• Material shown:
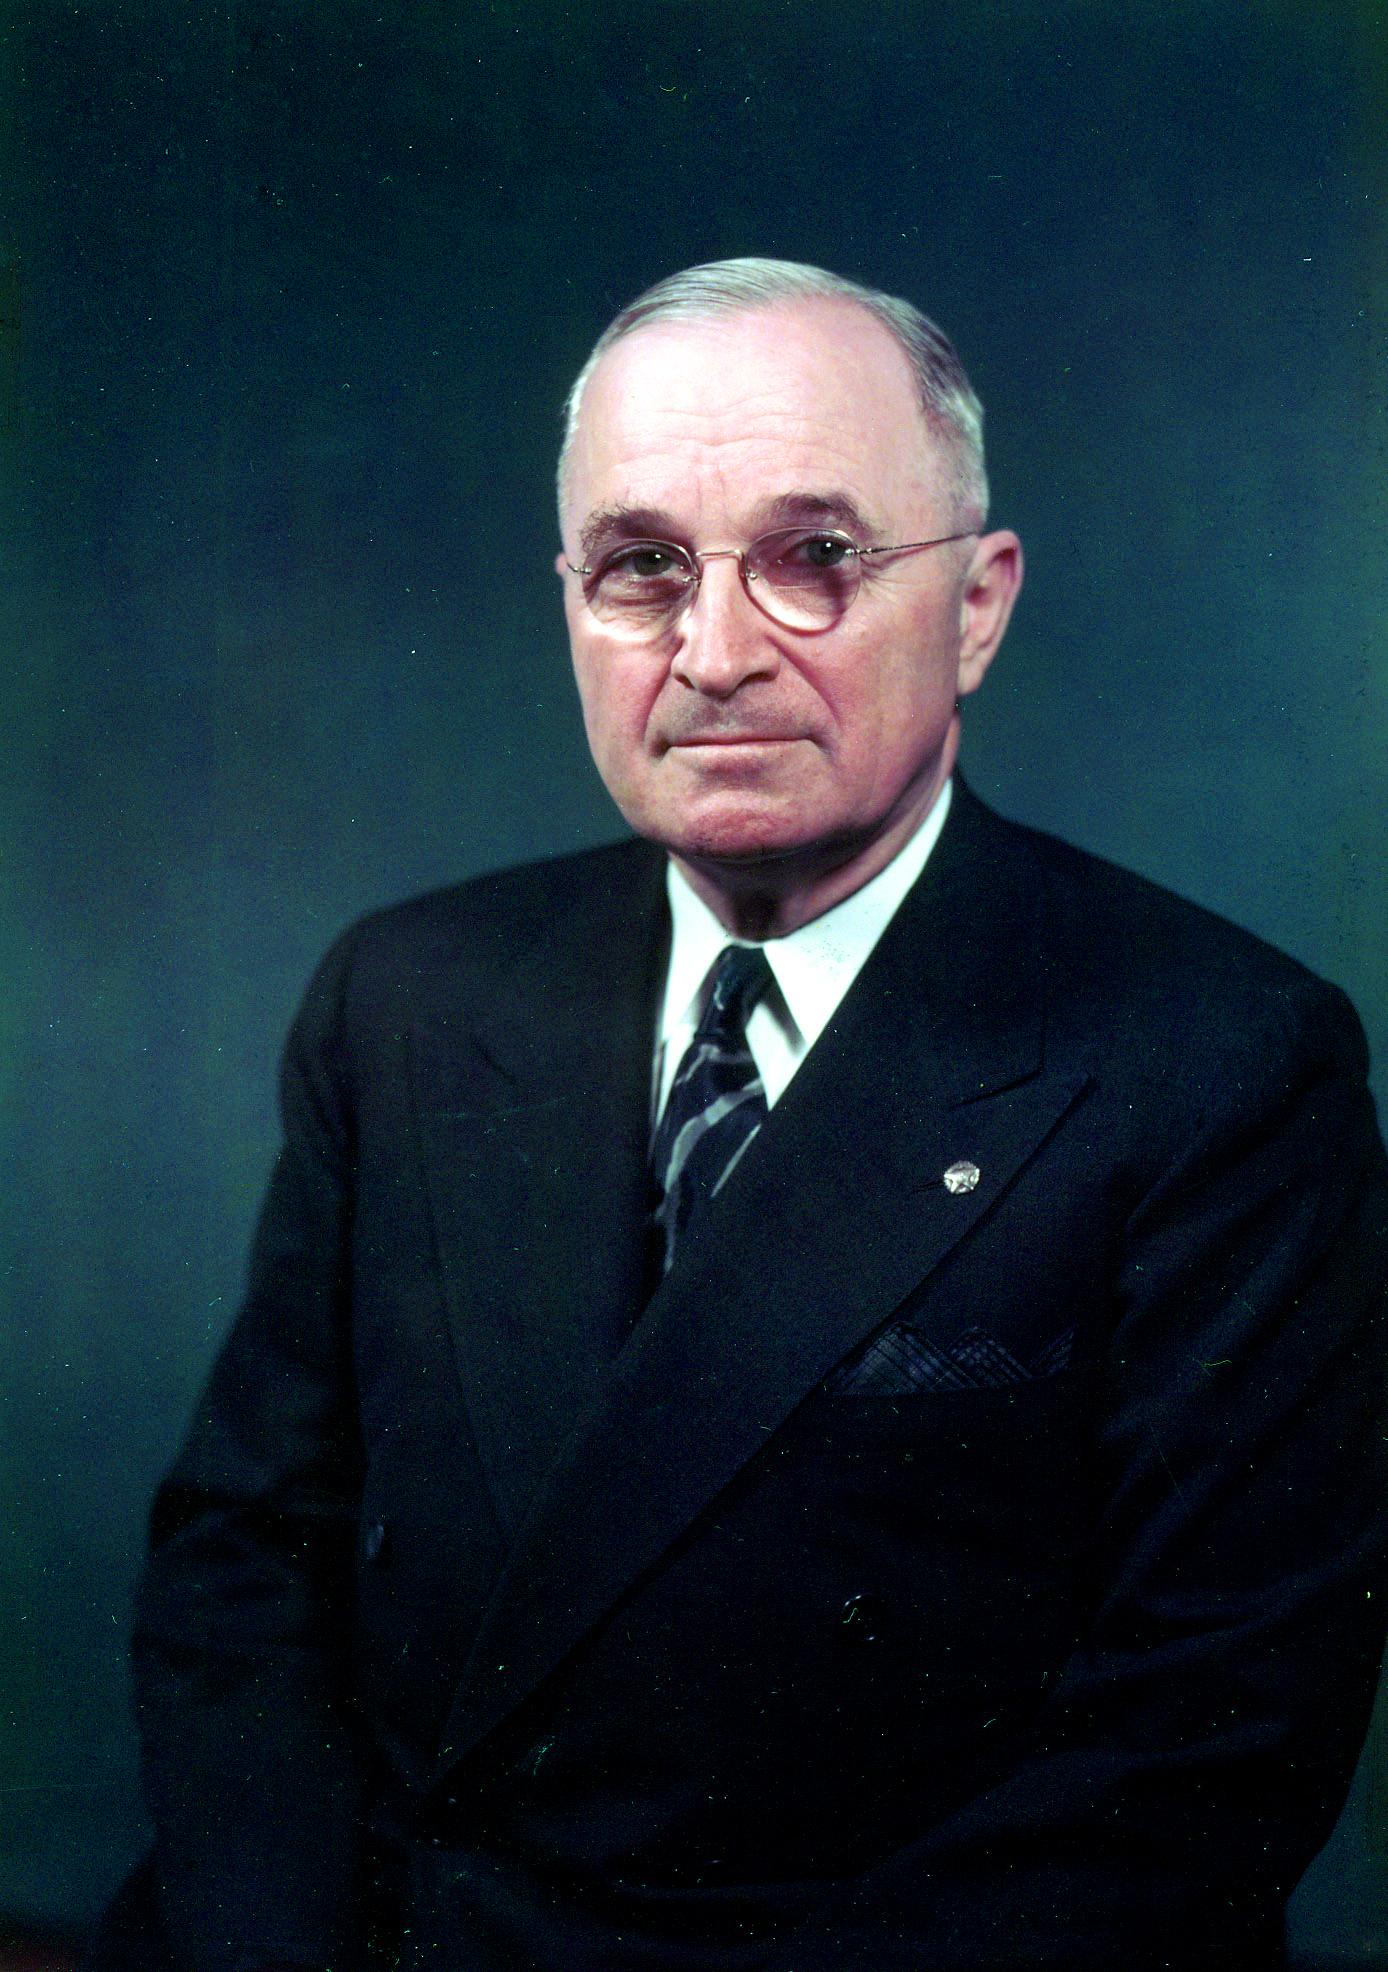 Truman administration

---

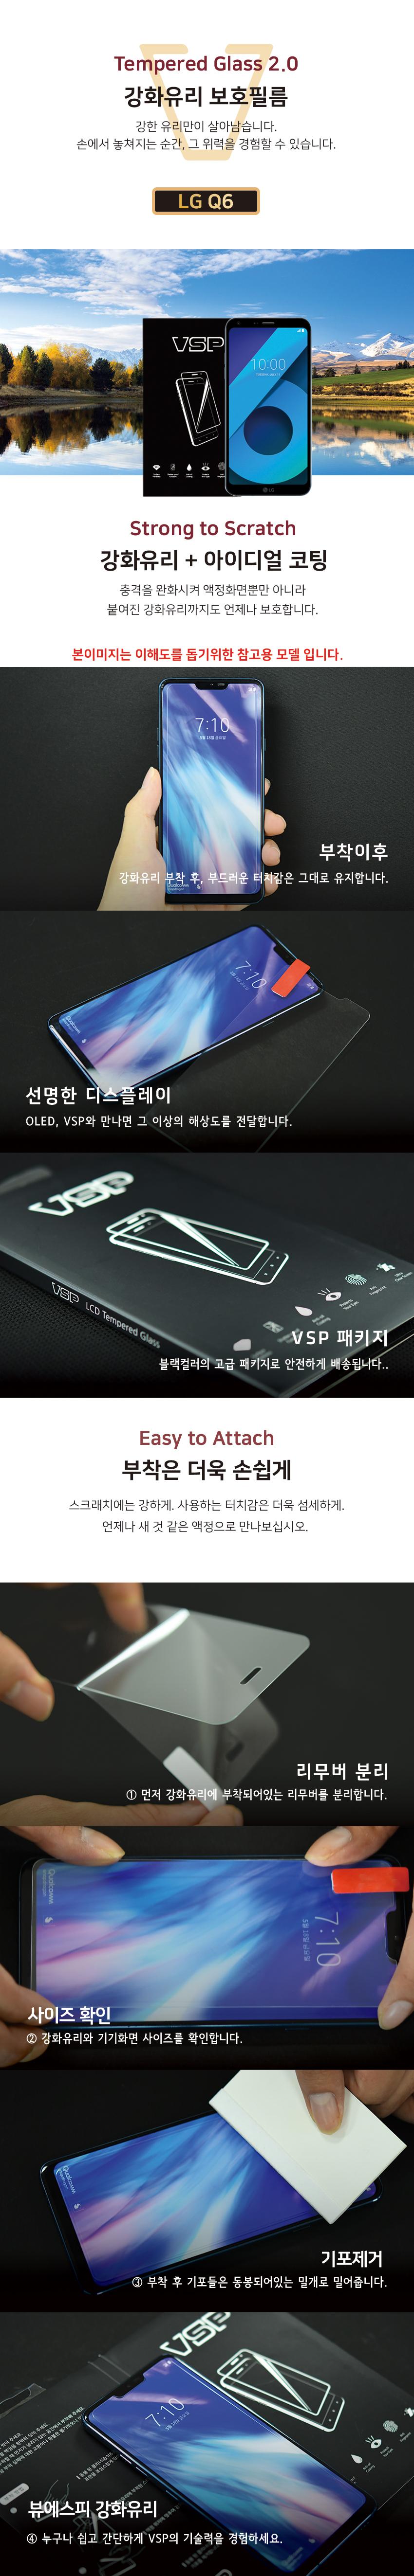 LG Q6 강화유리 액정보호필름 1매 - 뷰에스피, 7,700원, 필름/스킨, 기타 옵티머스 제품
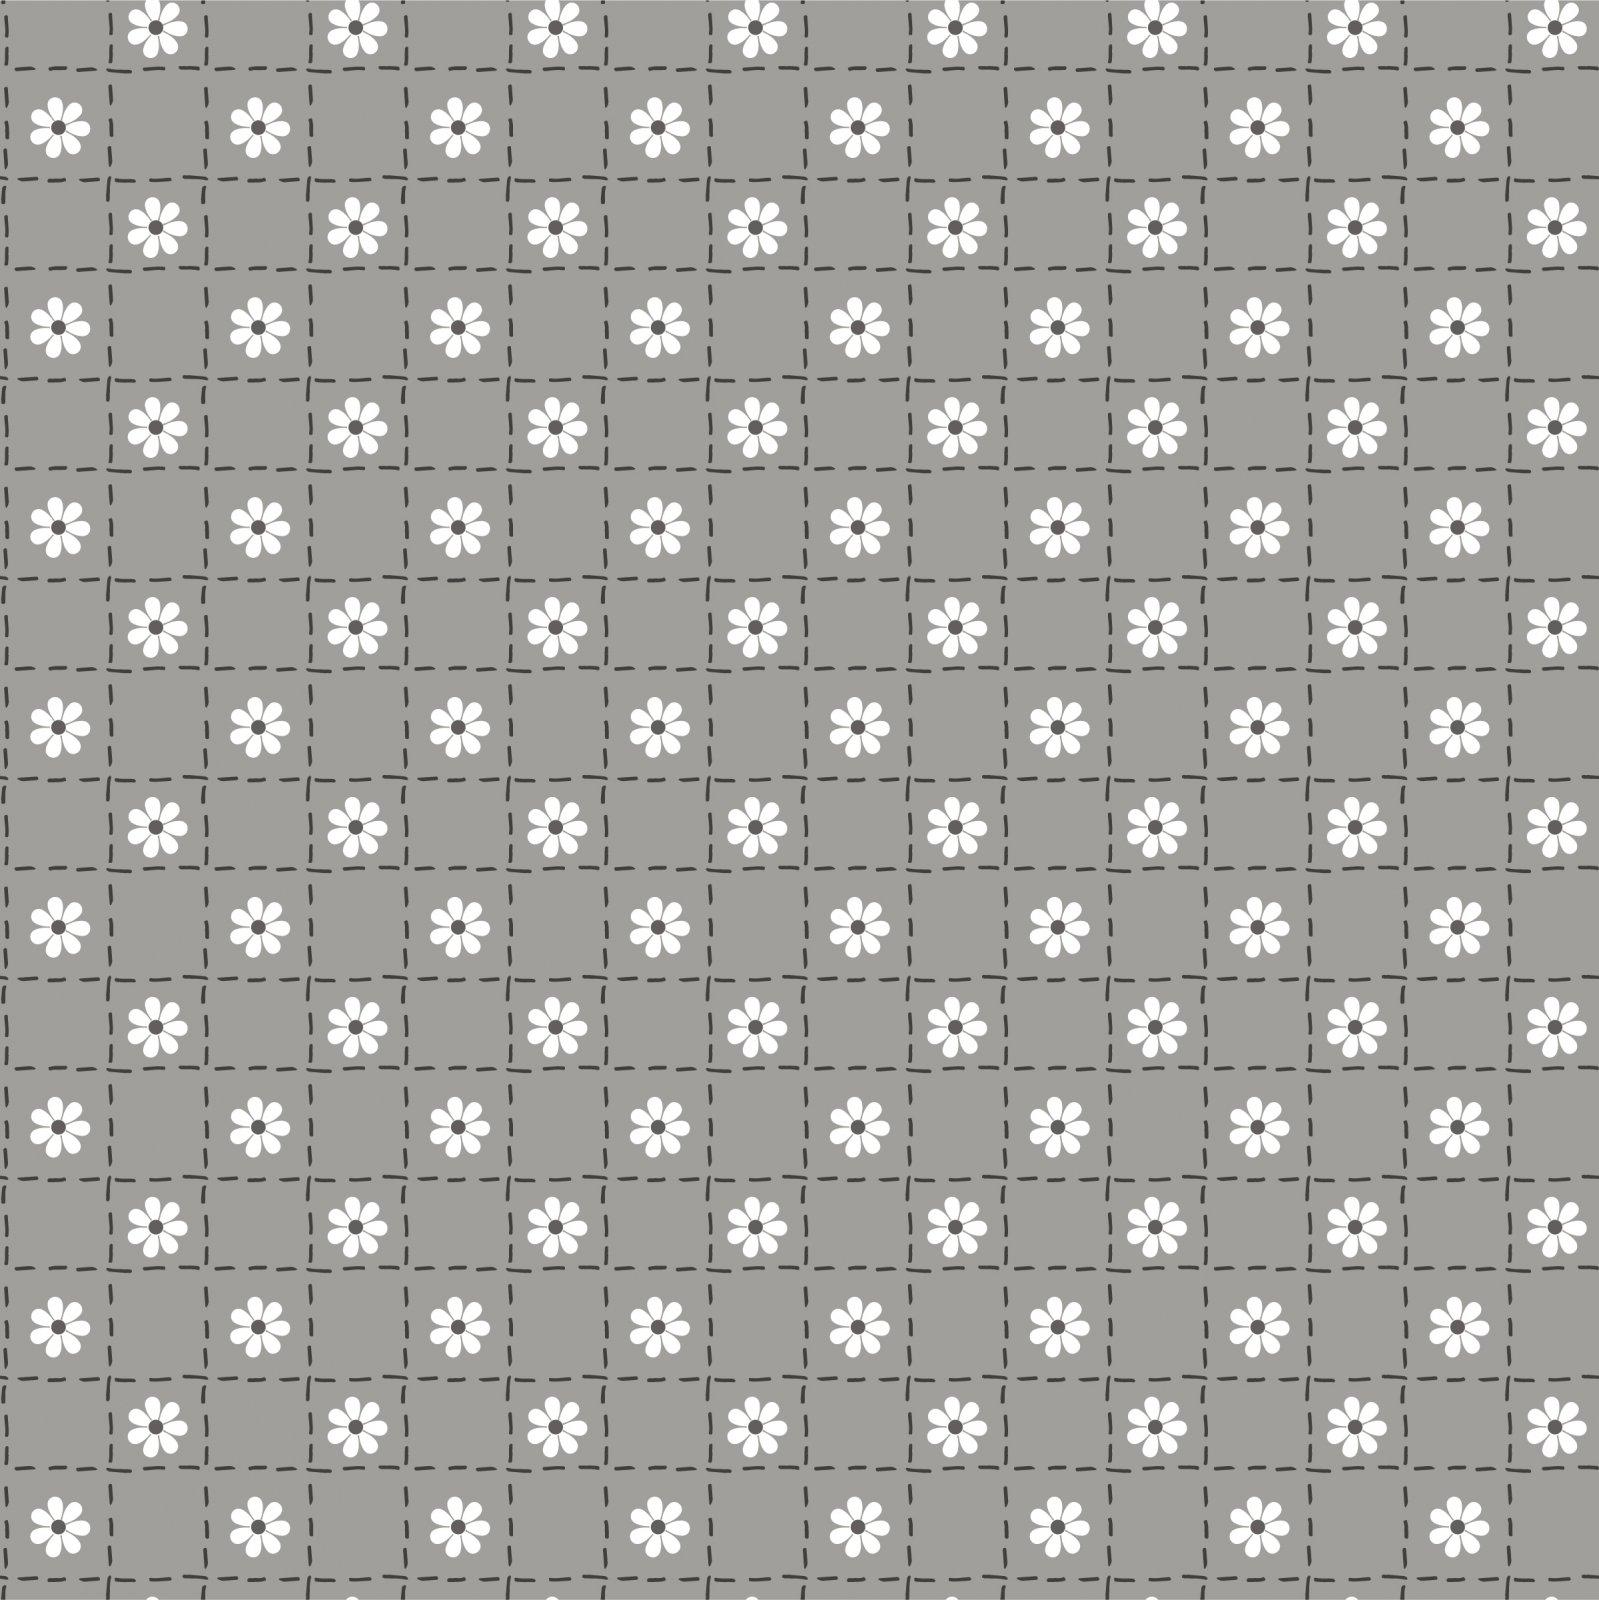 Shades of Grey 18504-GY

* * *

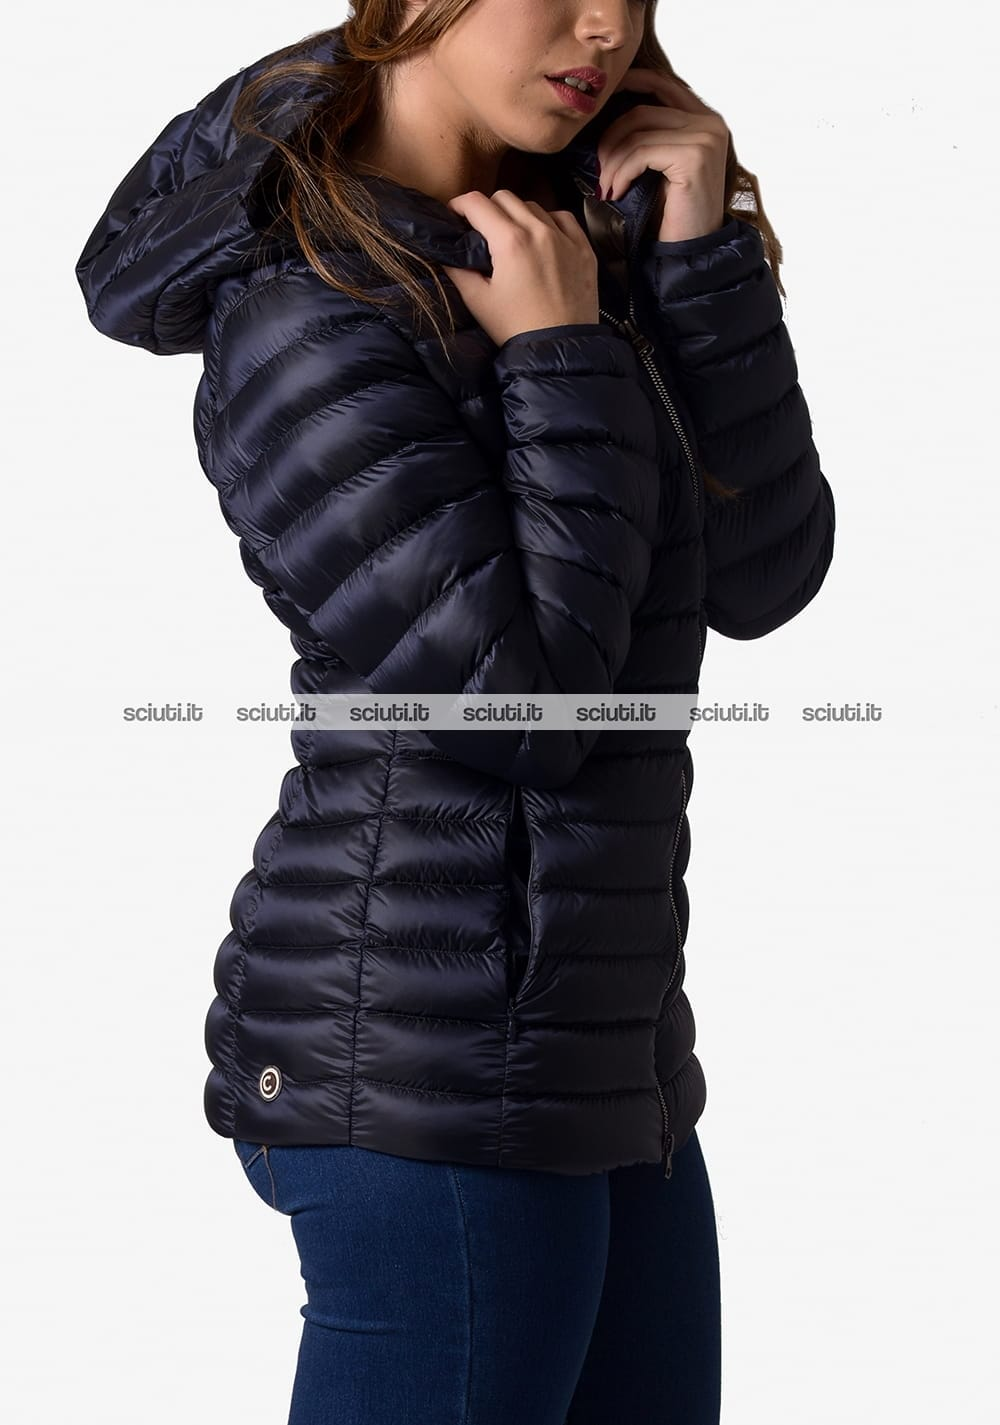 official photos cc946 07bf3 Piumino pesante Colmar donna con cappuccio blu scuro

• Goal of the exercise: Look back at the data above, then output exactly the lines from the line holding "LG Q6 강화유리 액정보호필름" up to and including the line holding "Shades of Grey 18504-GY". Leave out the pictures.

• Answer space:
 LG Q6 강화유리 액정보호필름 1매 - 뷰에스피, 7,700원, 필름/스킨, 기타 옵티머스 제품
 Shades of Grey 18504-GY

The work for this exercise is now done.